GOAL OF THE EXERCISE:
Apart from the pictures, every line below needs to be reproduced verbatim.

INFORMATION SHOWN:
'''
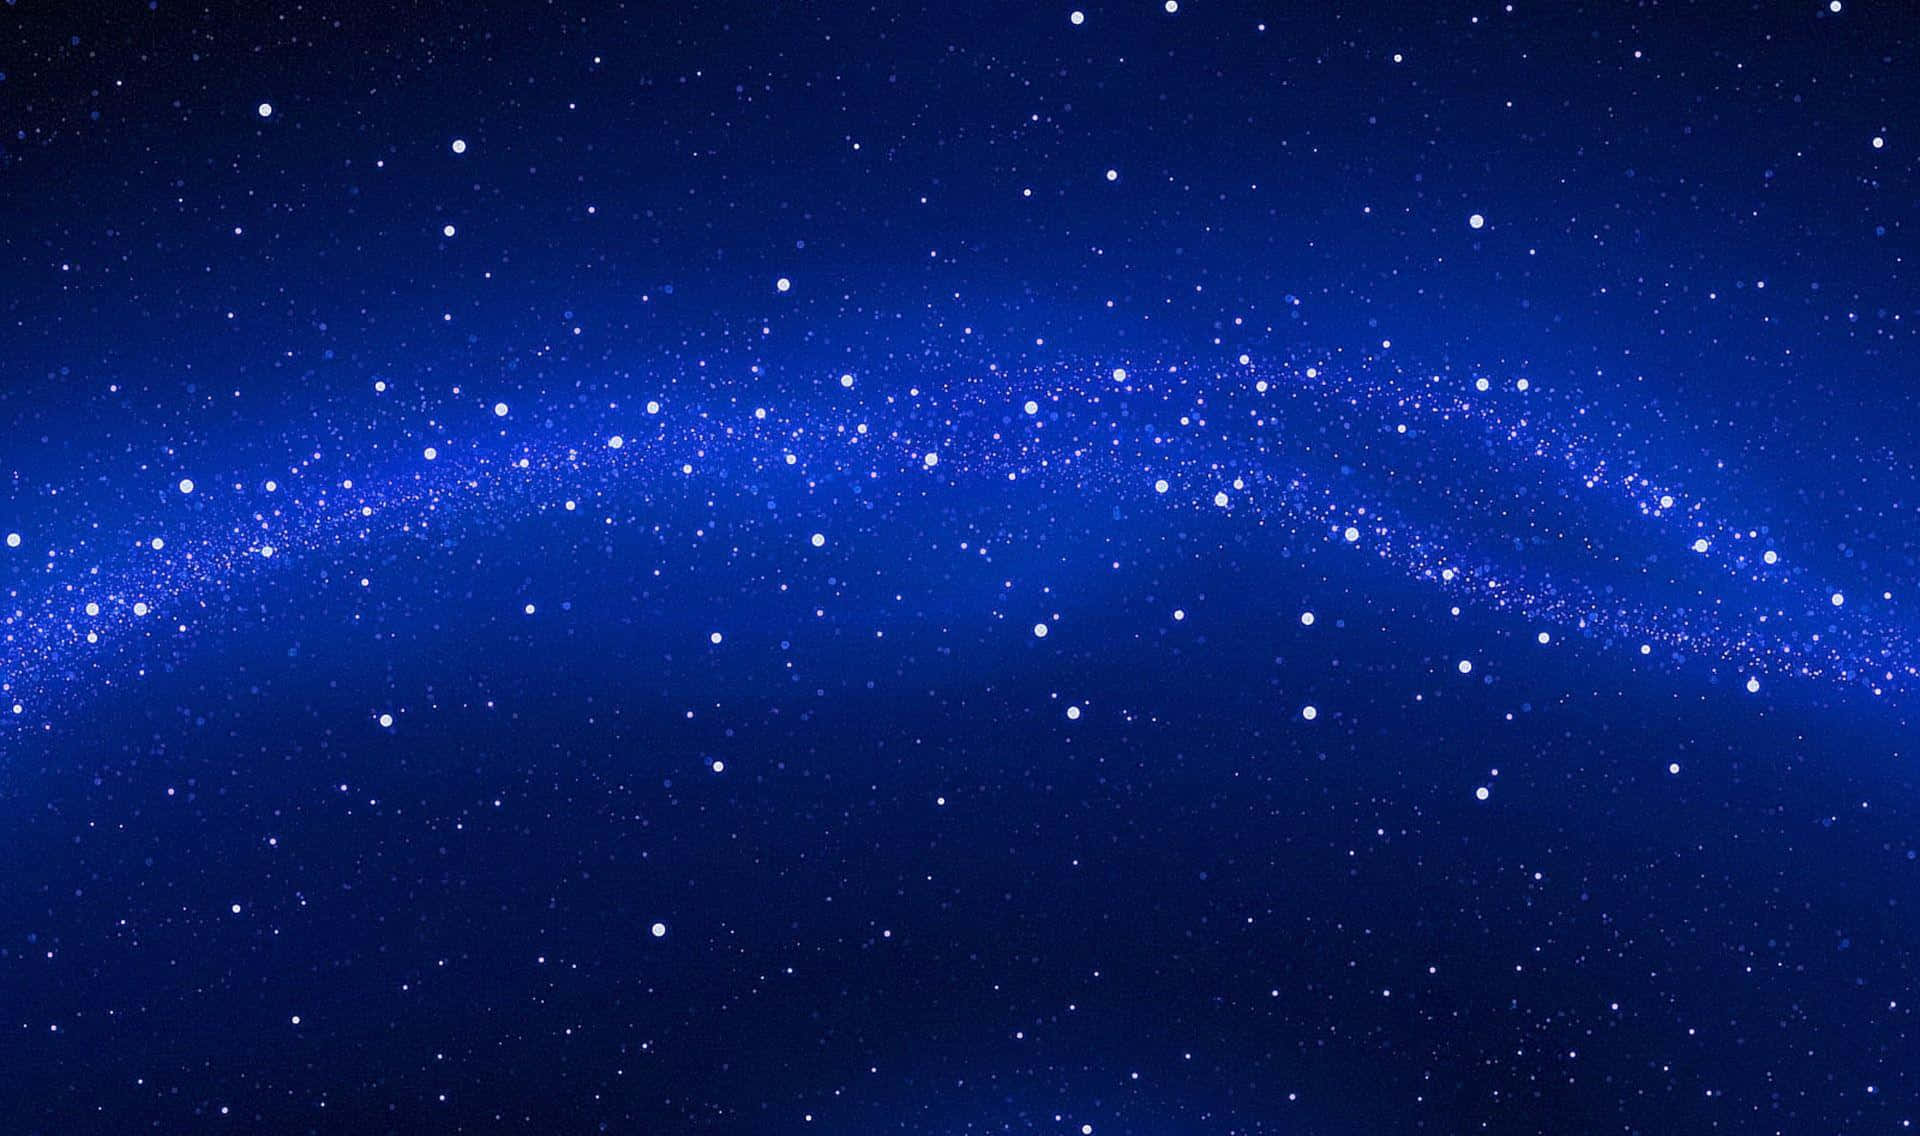 Unavista Impresionante Del Cielo Nocturno, Lleno De Estrellas Deslumbrantes.
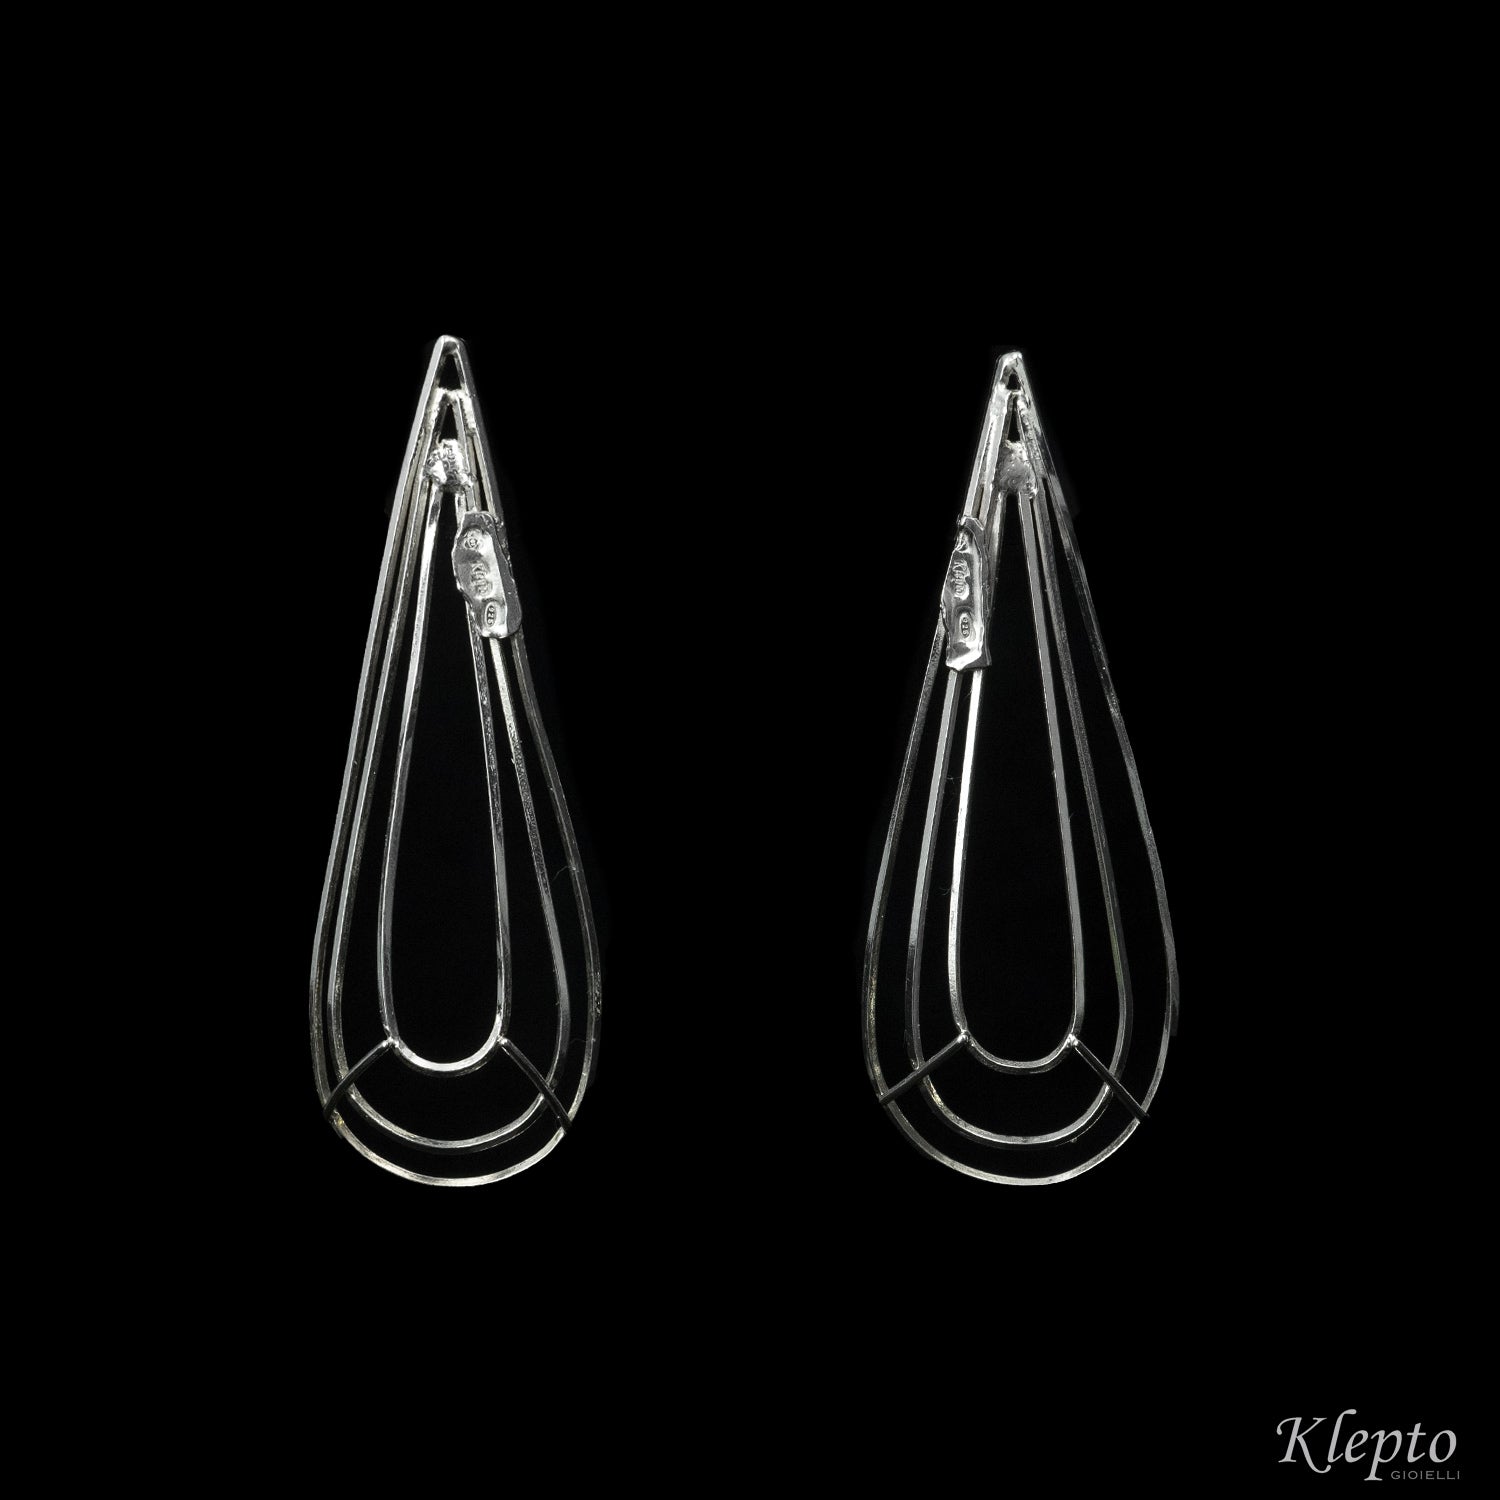 Wire earrings in Silnova® Silver
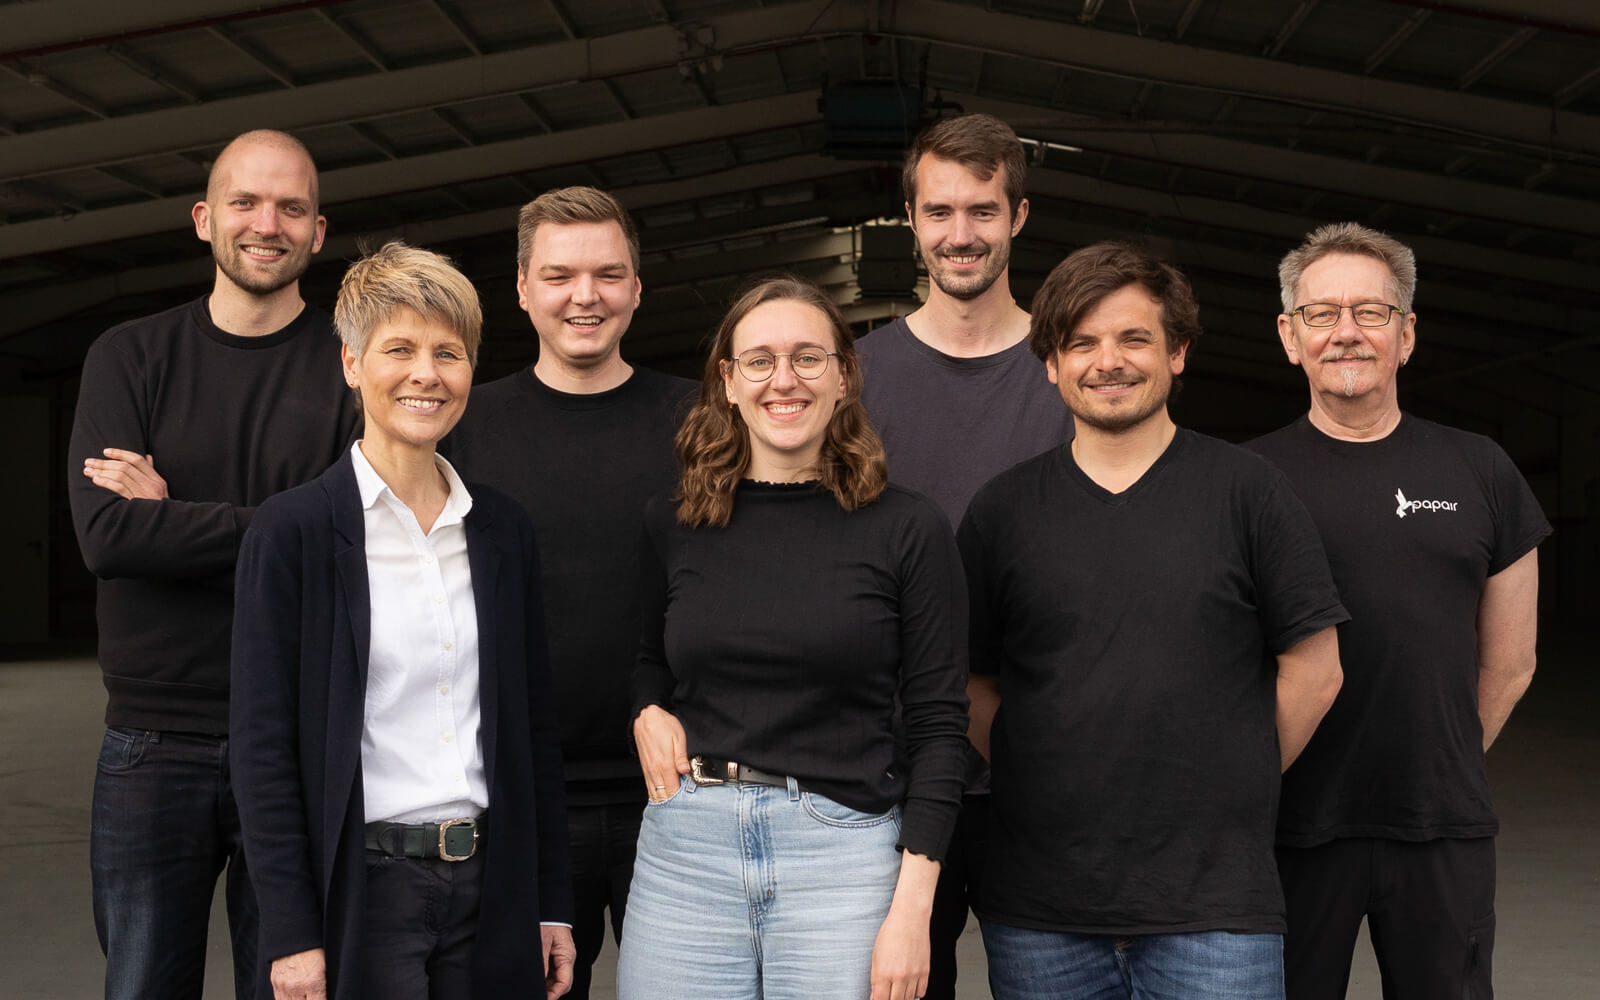 Das Team aus sieben Personen des Startups Papair aus Hannover steht vor der Produktionshalle in Rethem und lächelt in die Kamera
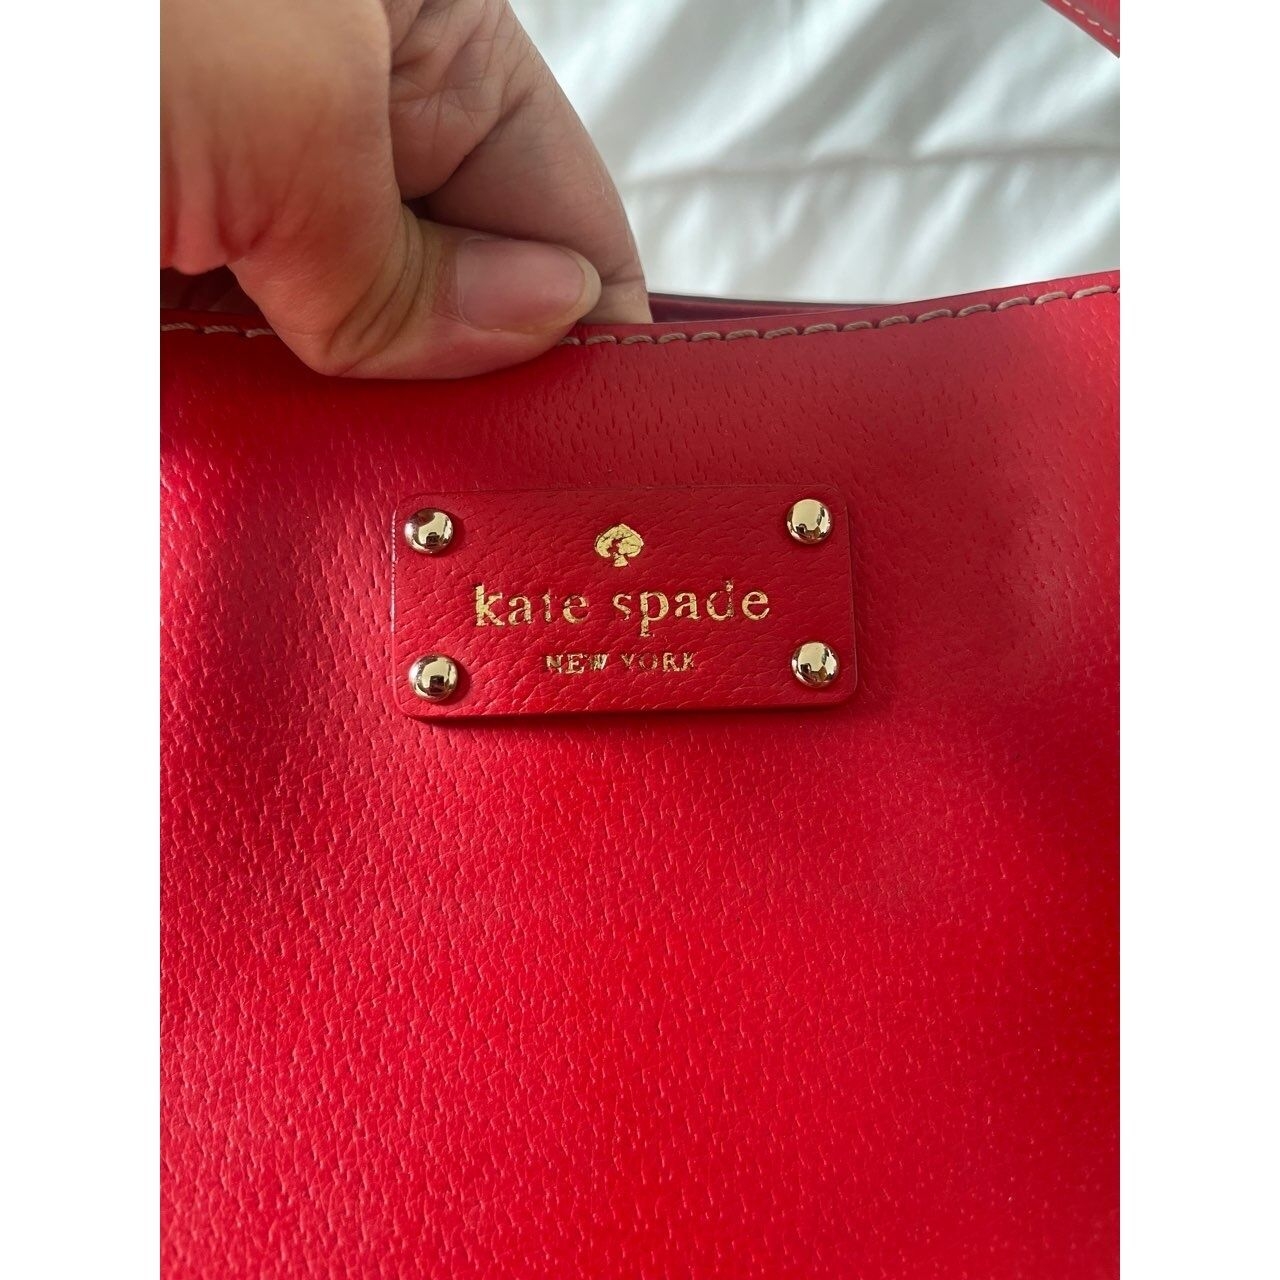 Kate Spade New York Red Tote Bag
'''
OUTPUT:
 Unavista Impresionante Del Cielo Nocturno, Lleno De Estrellas Deslumbrantes.
 Wire earrings in Silnova® Silver
 Das Team aus sieben Personen des Startups Papair aus Hannover steht vor der Produktionshalle in Rethem und lächelt in die Kamera
 Kate Spade New York Red Tote Bag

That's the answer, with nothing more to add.